Seeking at all costs to complete the work, he did not hesitate to make decisions discordant with the will of the city community and, at times, of Alessandro himself. Disagreements between Brunelli and the administrators grew as time went on, to the point that it became a recurring practice, in order to discredit his opponent, to deliberately allow him to make design mistakes. In this climate, it ended up that in 1592 Brunelli was sent back to Flanders on the express order of the duke, who appointed Bresciani in his place, joined by Smeraldo Smeraldi, thus stabilizing the situation.

Smeraldo Smeraldi is credited with many designs of the fortress. Stirpio himself drew on his expertise by providing solutions to various problems with particular effort. Among Smeraldi's most important designs are: the plan of the fortress (which includes measurements of some of its elements), a survey of the outline of the Citadel and the city walls, and a section of the moats and ramparts.

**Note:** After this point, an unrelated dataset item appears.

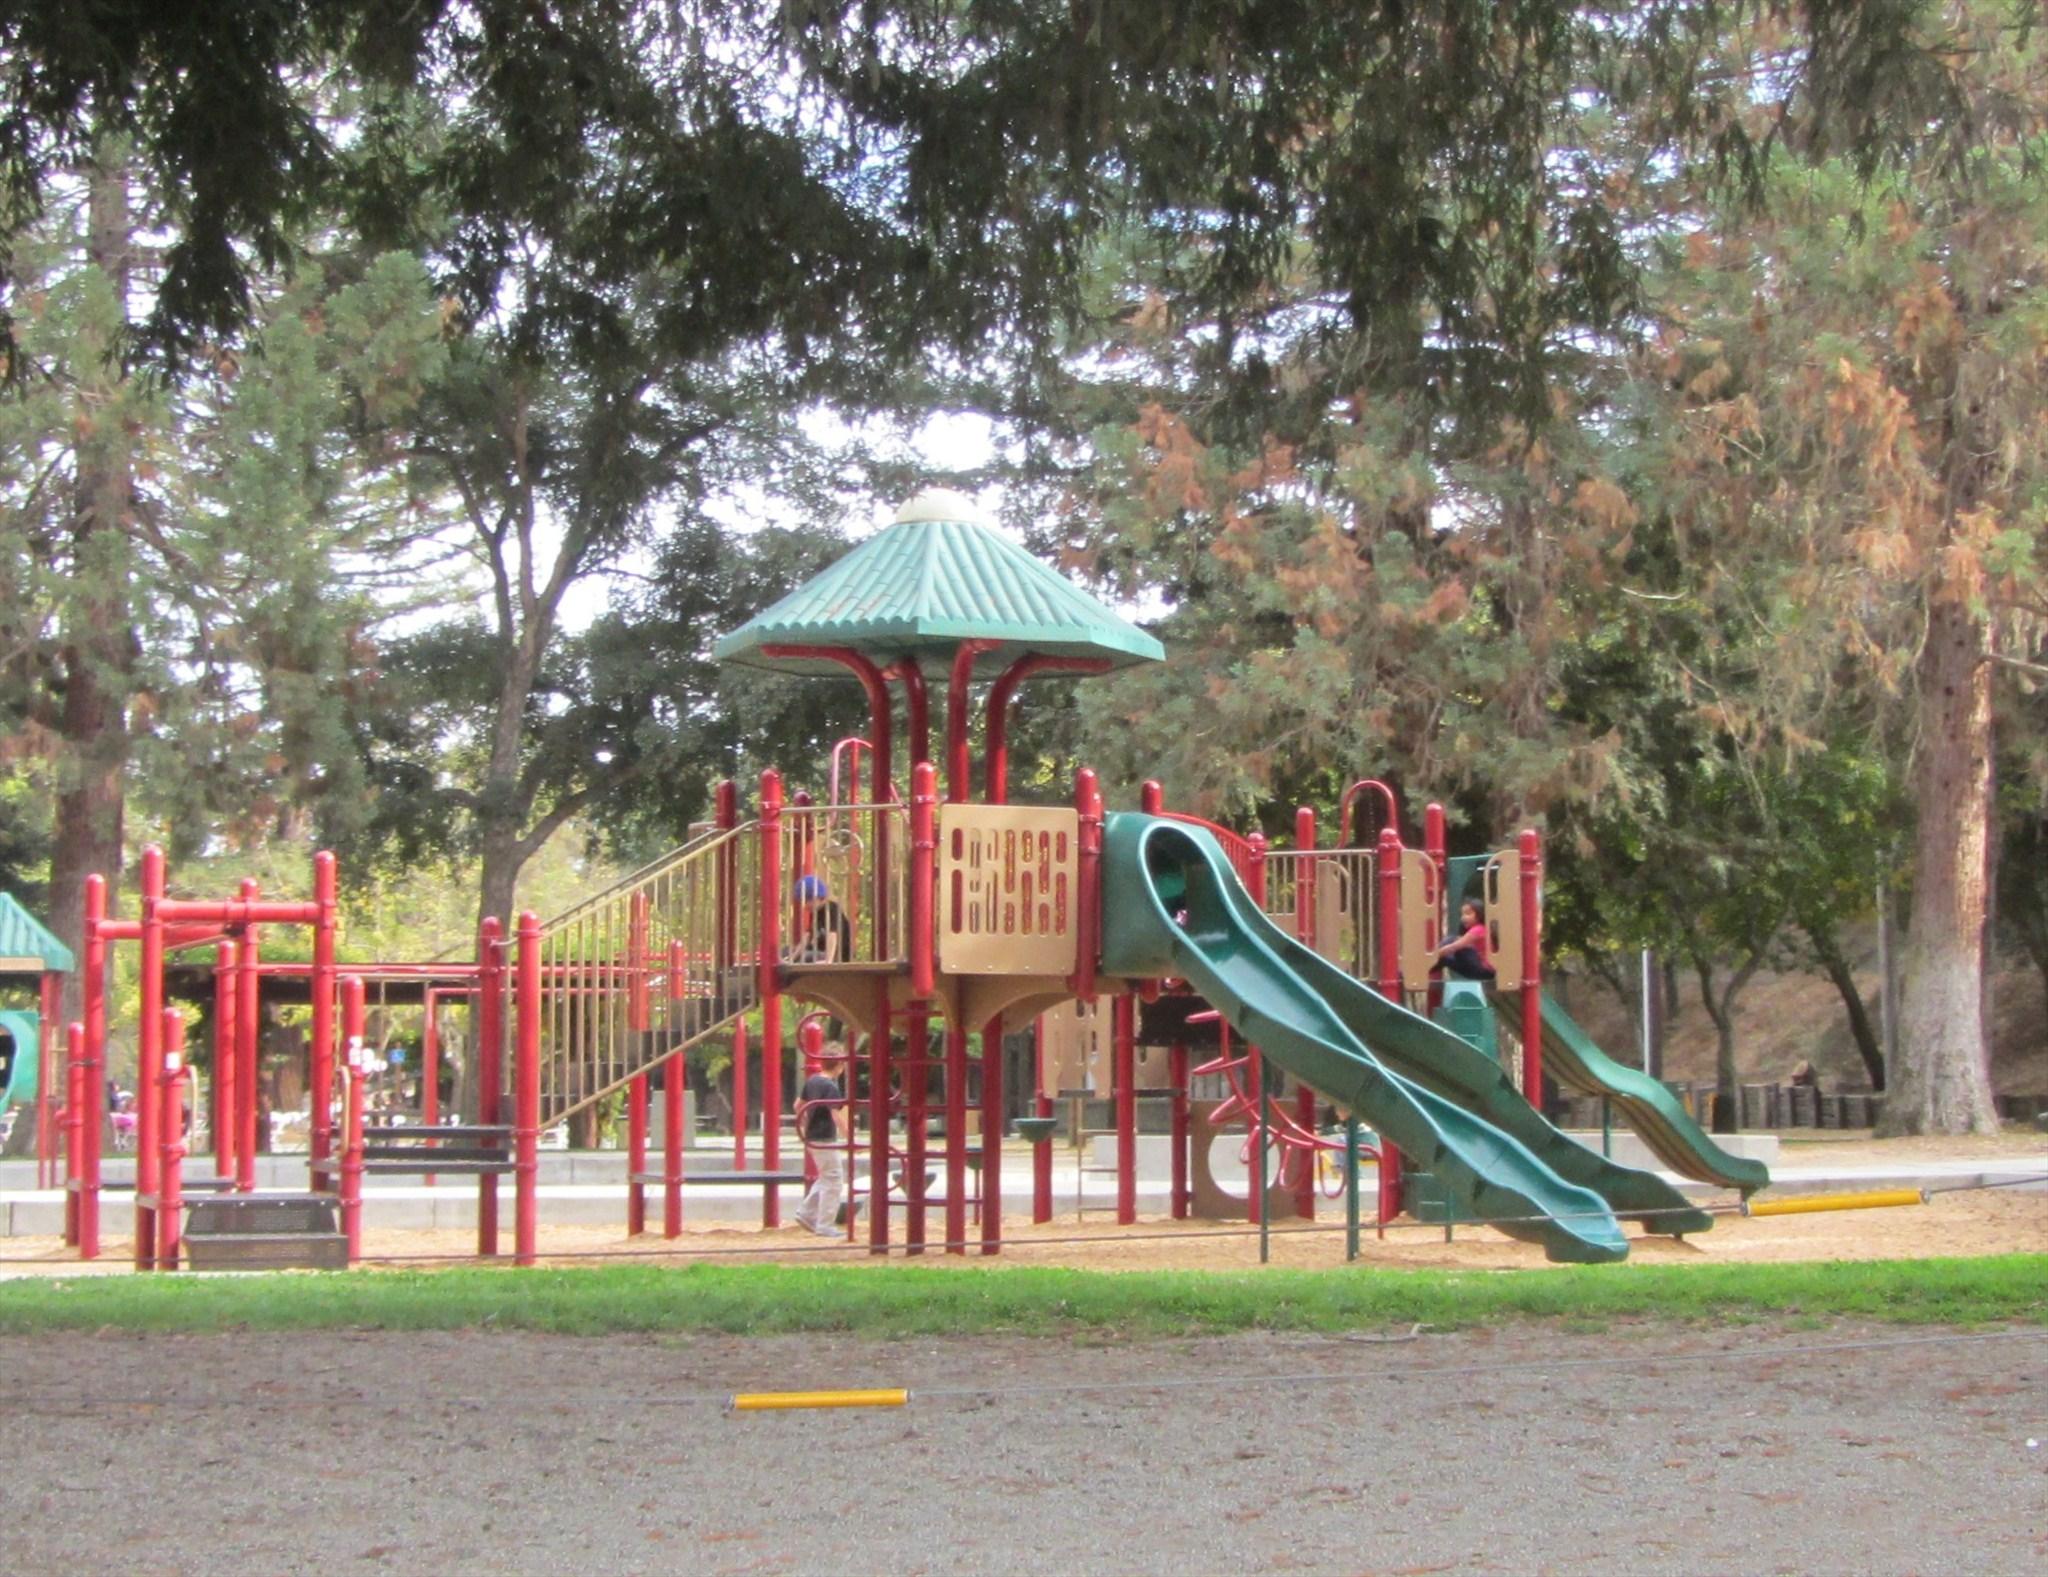 Christmas Hill Park Gilroy Ca 95020.Christmas Hill Park Playground Gilroy Ca Image
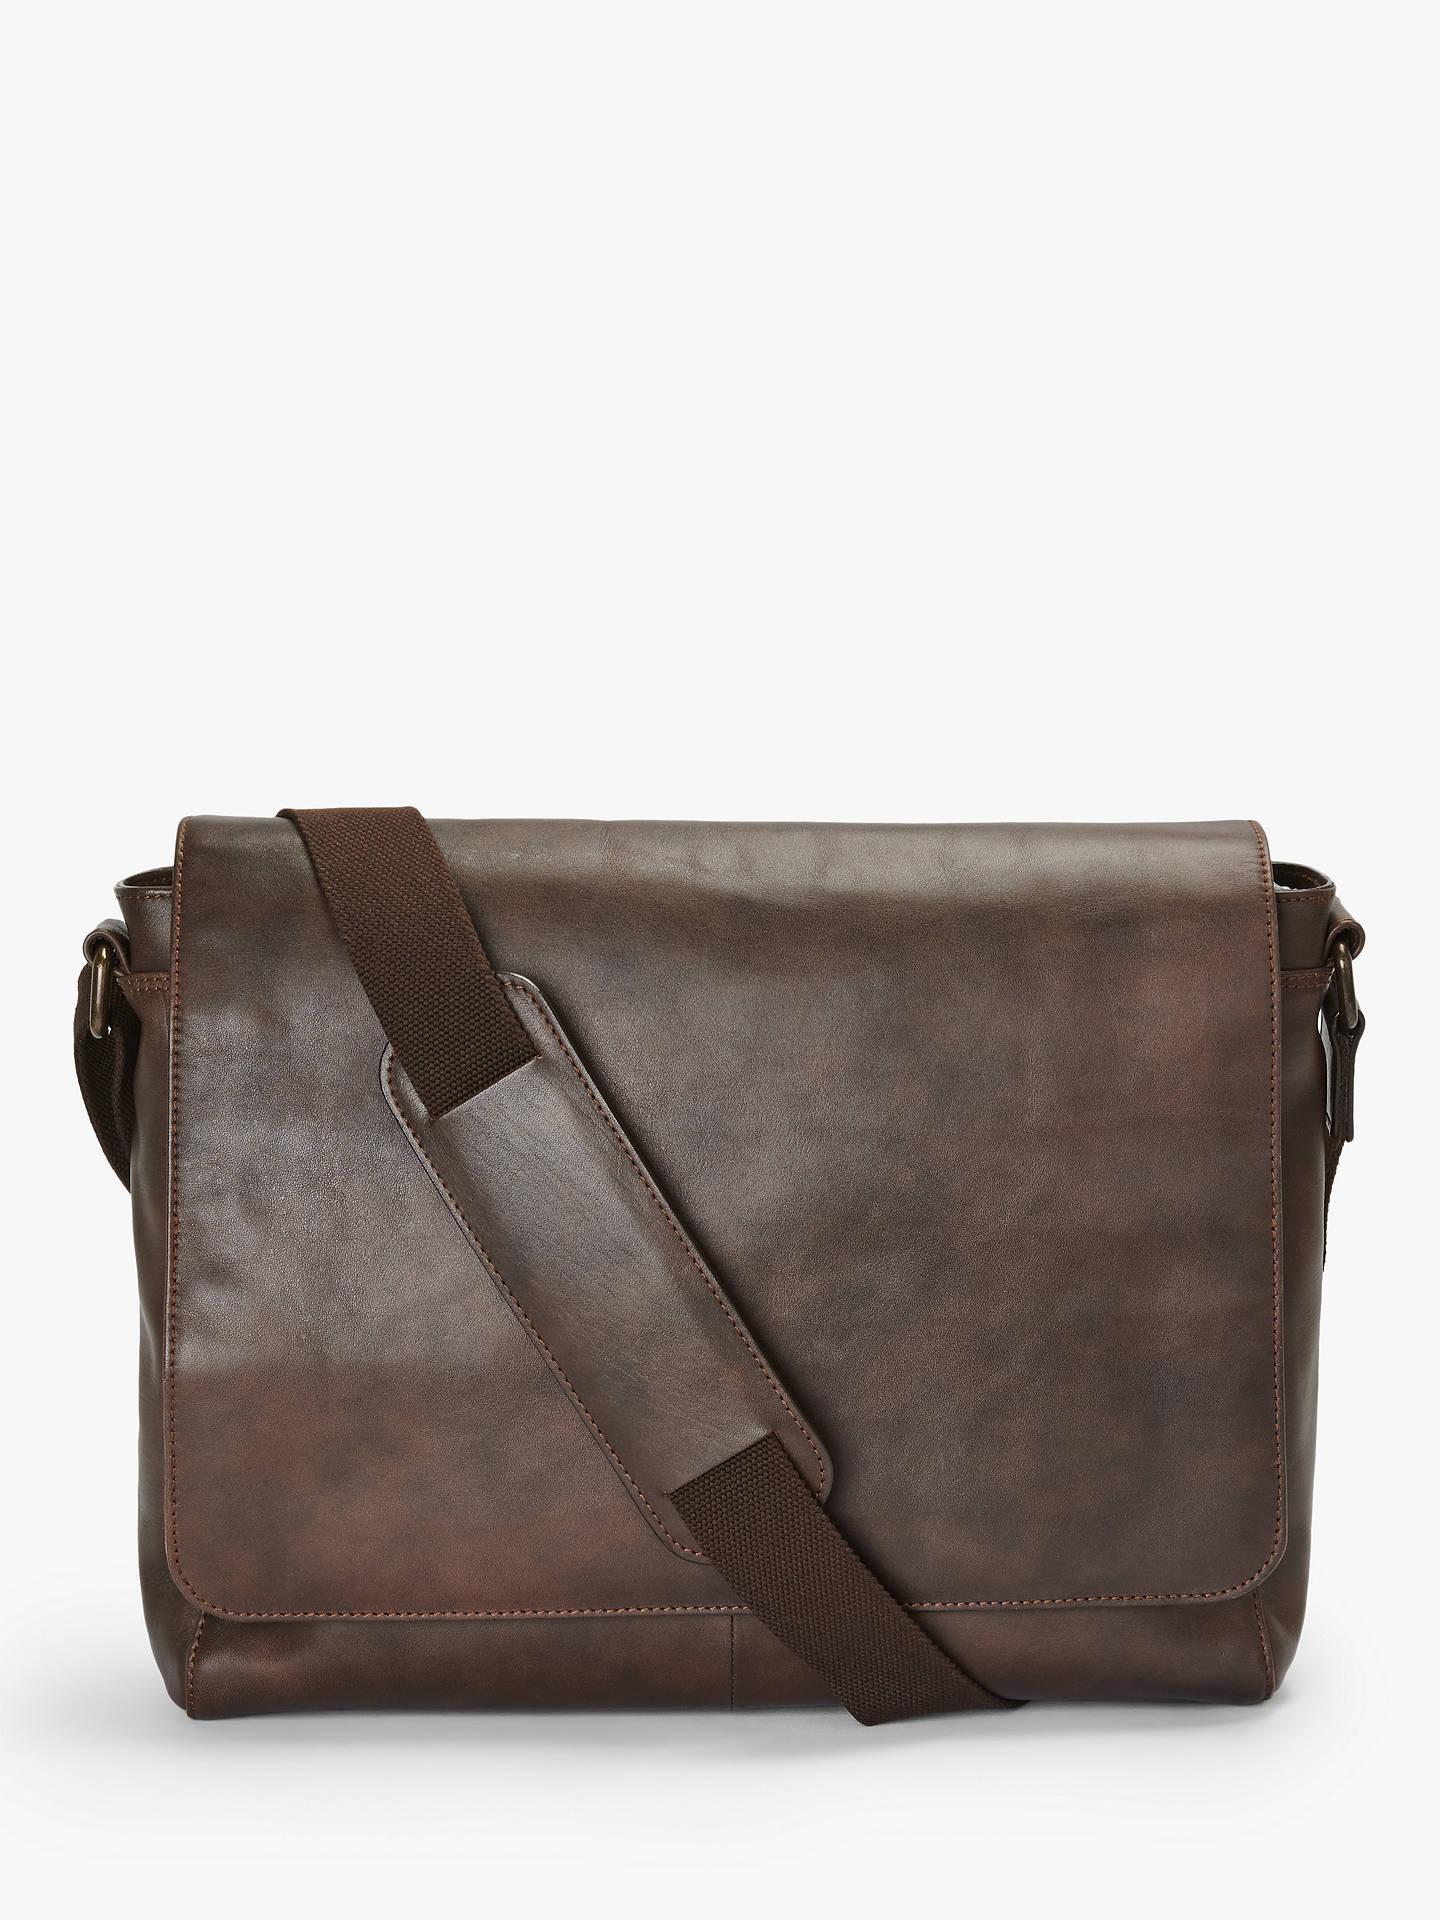 6de75e331616 John Lewis & Partners Edinburgh Leather Messenger Bag, Brown

From the beginning, the construction of the Citadel required a huge financial effort, inevitably attracting various interests throughout the area. Alessandro intended to entrust his household with the economic burden of building the fortress; moreover, the realization of such an ambitious project at the same time gave employment to many citizens, and this also unintentionally contributed to limiting the riots that arose during the periods of major famine. However, several frauds occurred during the course of the work, concerning very often the quality of the materials, sometimes really bad, or the labor, with work being sloppy or even not performed. Such events fell under indictment on both Stirpio and Smeraldi.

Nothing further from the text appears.